Has Christianity be co-opted in the past few generations and come to be defined differently than what God originally intended? What Paul taught night and day back in Ephesus? The simplicity of Christ, that God loves people and has offered adoption as children of God, through the victory of Christ Jesus’ death, burial and resurrection. The radical gospel of dying to self and Christ living in and through us.

Someone observed that Christianity in the west has become something different than this. That it has devolved into a kind of moral, therapeutic deism*. Is the following a generally accurate description of Christianity?
Moral – God wants us to be nice to people and for people to be nice to each other.
Therapeutic – God wants us to be happy and feel good about ourselves.
Deistic – God is up in heaven and isn’t really involved in the world unless there is a crisis in which we plead for Him to intervene – so we can feel good about things again.

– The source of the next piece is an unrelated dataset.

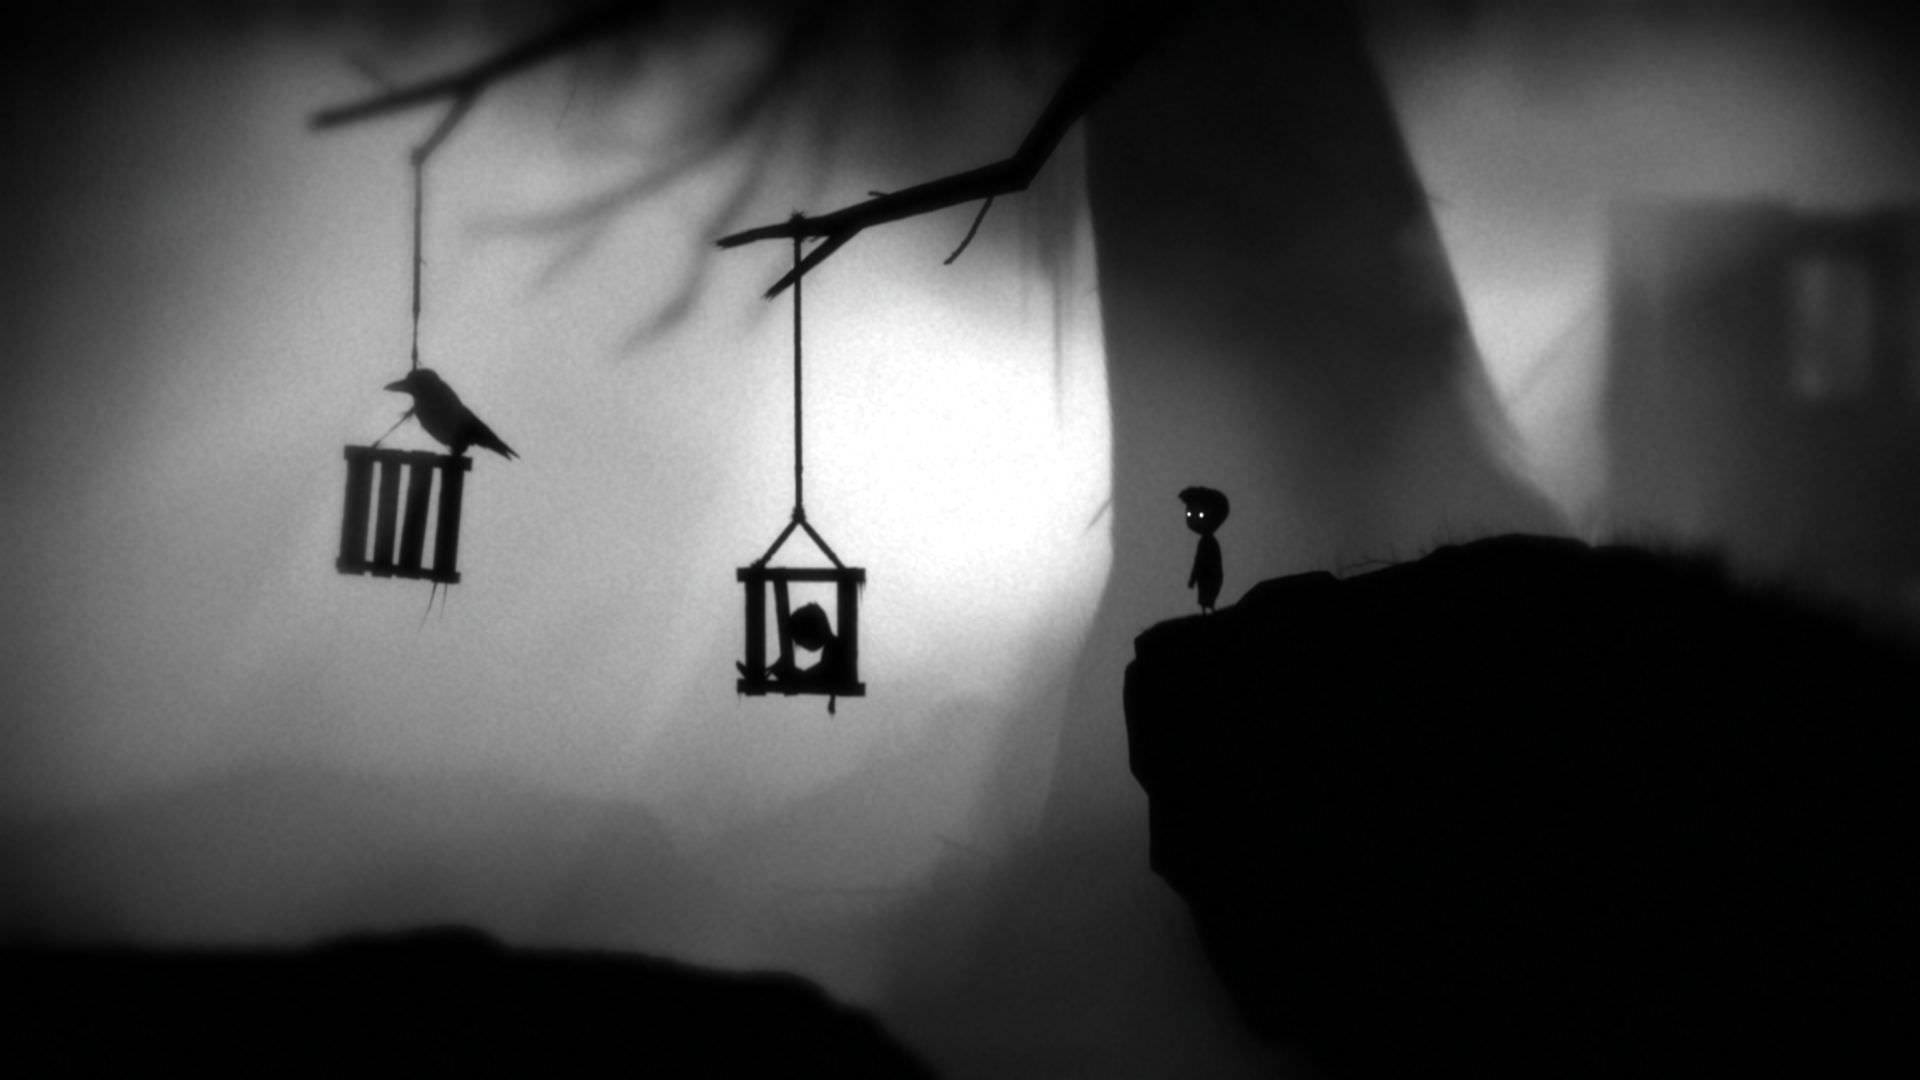 بازی سیاه سفید limbo  پسر بچه در فضای ترسناک دره و درخت با نمایش یک اسیر در قفس و کلاغ سیاه

This simplistic definition of modern Christianity seems pretty accurate. Because it leaves plenty of room for the Christians – the 70% of adults in America, to be just as materialistic, selfish and independent as the rest of the culture. And, leaves plenty of room to choose any political slant that suits your personal bias and convince yourself that God is on your side.

But that’s not Jesus. That’s not the Good News. That’s not why Christ died for you. Dear one, you have been bought with a price, with the precious blood of Jesus Christ, the Son of God. He redeemed you to make you whole, make you a joint heir with Christ, to hide your life in Him. Do not cheapen that grace by living with worldly passions. Consider your ways – be careful how you live.